But the burden of debt is a completely different story. The ratio of debt to income has been rising sharply and is now well above the late 1980s peak
If rates were to rise sharply then there is no doubt that the debt side of the equation would end up giving you the more accurate picture. Because of the size of the debt, consumers are particularly vulnerable to higher interest rates”

This is the point I have stated again and again. You have not being reading one of us.
The point is that there has to be a trigger, and further we must consider there has to be some interest rate alignment pre EU entry. Secondly where is his analysis of disposable income rises, as per my OECD figures. This chap suffers from martini disease, i.e. one sided logic. Pentecost yesterday dicussed confidence as the main trigger, this chap discusses only debt risk. Well you doom mongers need to get your heads together and sing from the same hymn sheet!
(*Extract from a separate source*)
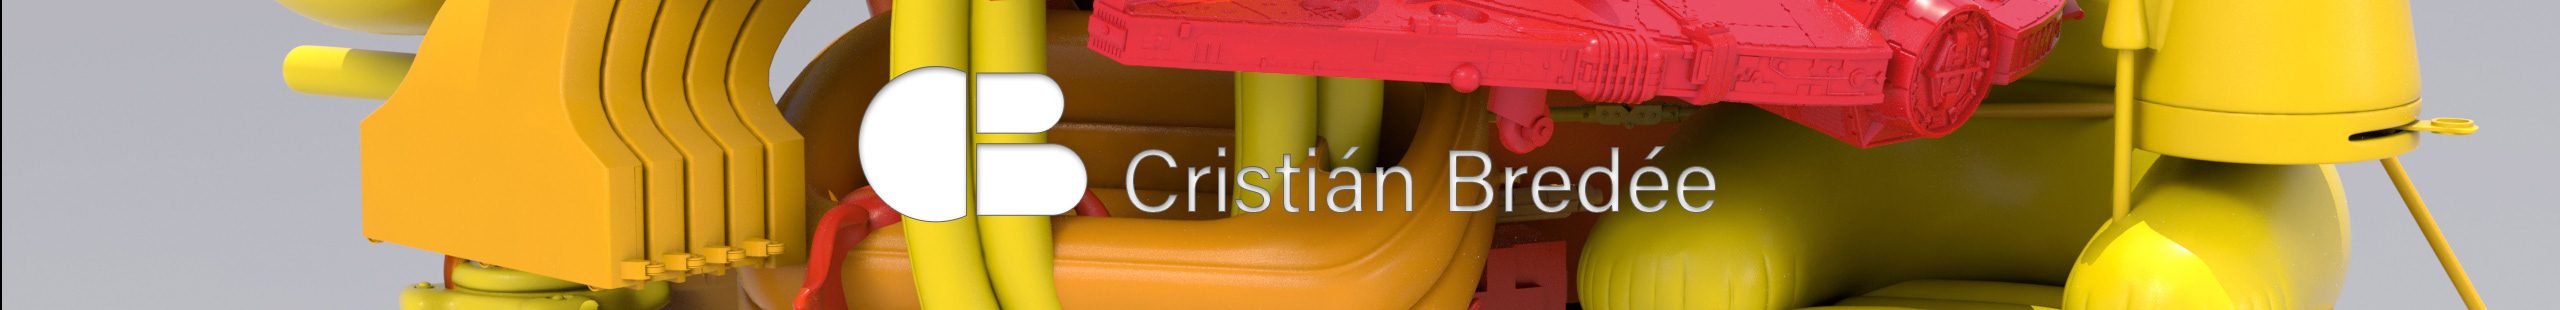 Banner de perfil de Cristian Bredee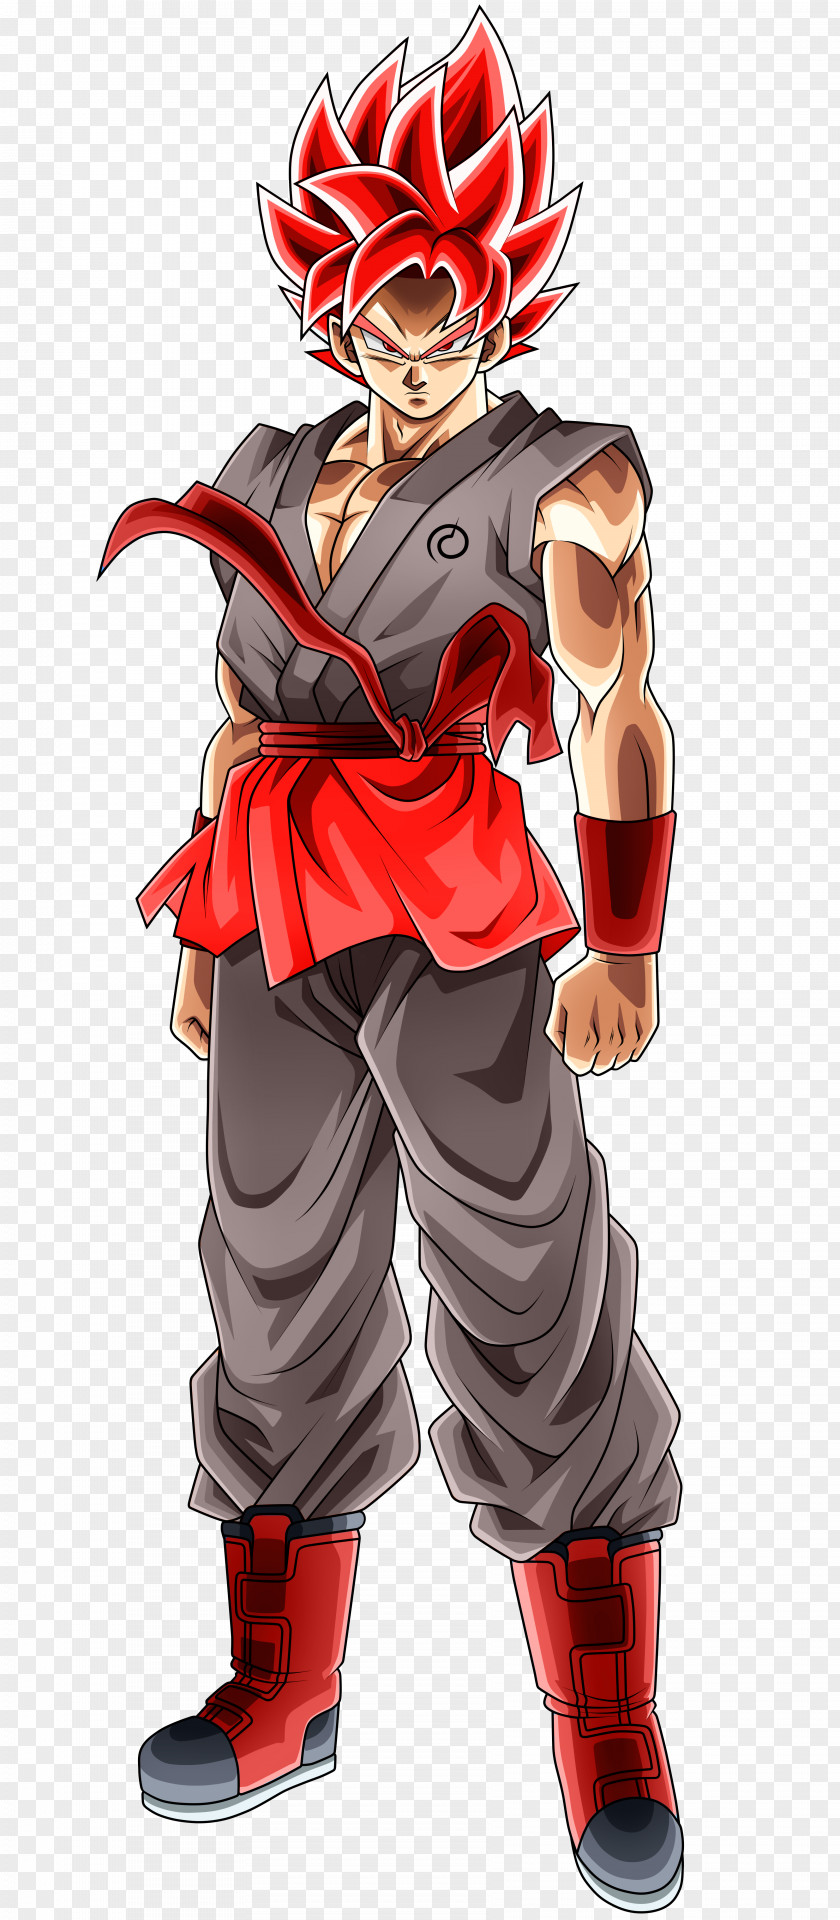 Goku Whis Vegeta Dragon Ball Heroes Beerus PNG

Further he goes onto state,
“And the prevailing view is that it is going to carry on rising sharply. Because prices always go up in this country by leaps and bounds, don't they? It's all to do with land shortage and the like.
In fact, this argument is economically illiterate and historically blind. House prices do not always go up. Indeed, in the early 1990s average house prices fell by a cumulative 16 per cent. When people believe that house prices will again fall that's when the chickens will come home to roost. Then they will start to think about the debt burden because then, far from being the route to capital gains, debt will be the source of capital losses.”
This maybe true but his sample is flawed. What he is doing is analysing a short-term position on a long-term investment. Its like suggesting that if a sample of Bolton’s games, are taken from the premiership results this year, we see that they won at old Trafford. Therefore the only reasonable summation of this sample is the Bolton can win the premiership.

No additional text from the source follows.